Oliver Kirch (; born 21 August 1982) is a  retired German footballer. Kirch played as a midfielder for BVB and was either deployed as defensive midfielder or right wing-back. In defense, he played as a right-back.

Club career 
Kirch started playing football at age five and was enrolled at the academy of SuS Legden in 1992; spending nine years as an academy player. Kirch would go on to join the academy of SuS Stadtlohn and then the academy of SpVgg Vreden. Kirch made his senior professional debut playing for SC Verl in the 2002–03 season before joining Borussia Mönchengladbach in the 2003–04 season, where Kirch made eight appearances in his first professional season.

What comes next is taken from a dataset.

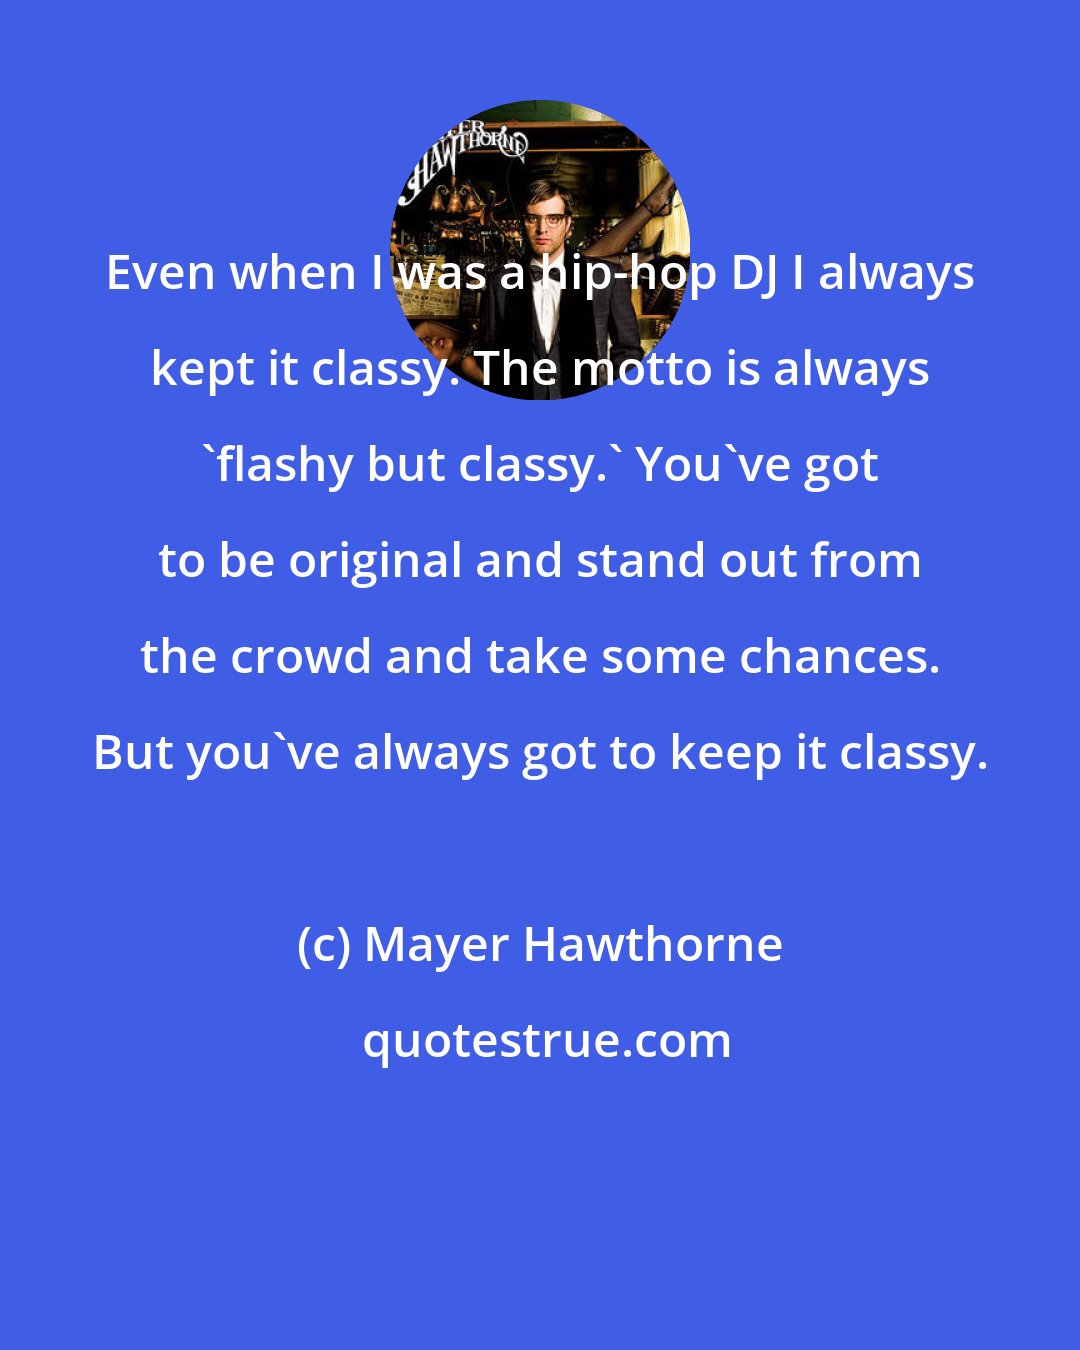 Mayer Hawthorne: Even when I was a hip-hop DJ I always kept it classy. The motto is always 'flashy but classy.' You've got to be original and stand out from the crowd and take some chances. But you've always got to keep it classy.

In the 2007–08 Bundesliga season, Kirch left Borussia Mönchengladbach and moved to Arminia Bielefeld and in his first match, he scored his first Bundesliga goal.

Kirch joined 1. FC Kaiserslautern in the 2010–11 Bundesliga season, where he signed a three-year contract. On 21 April 2012, during the 32nd matchday of the 2010–11 Bundesliga season, Kirch scored his first goal of the season in Kaiserslautern's 2–1 away victory over Hertha BSC.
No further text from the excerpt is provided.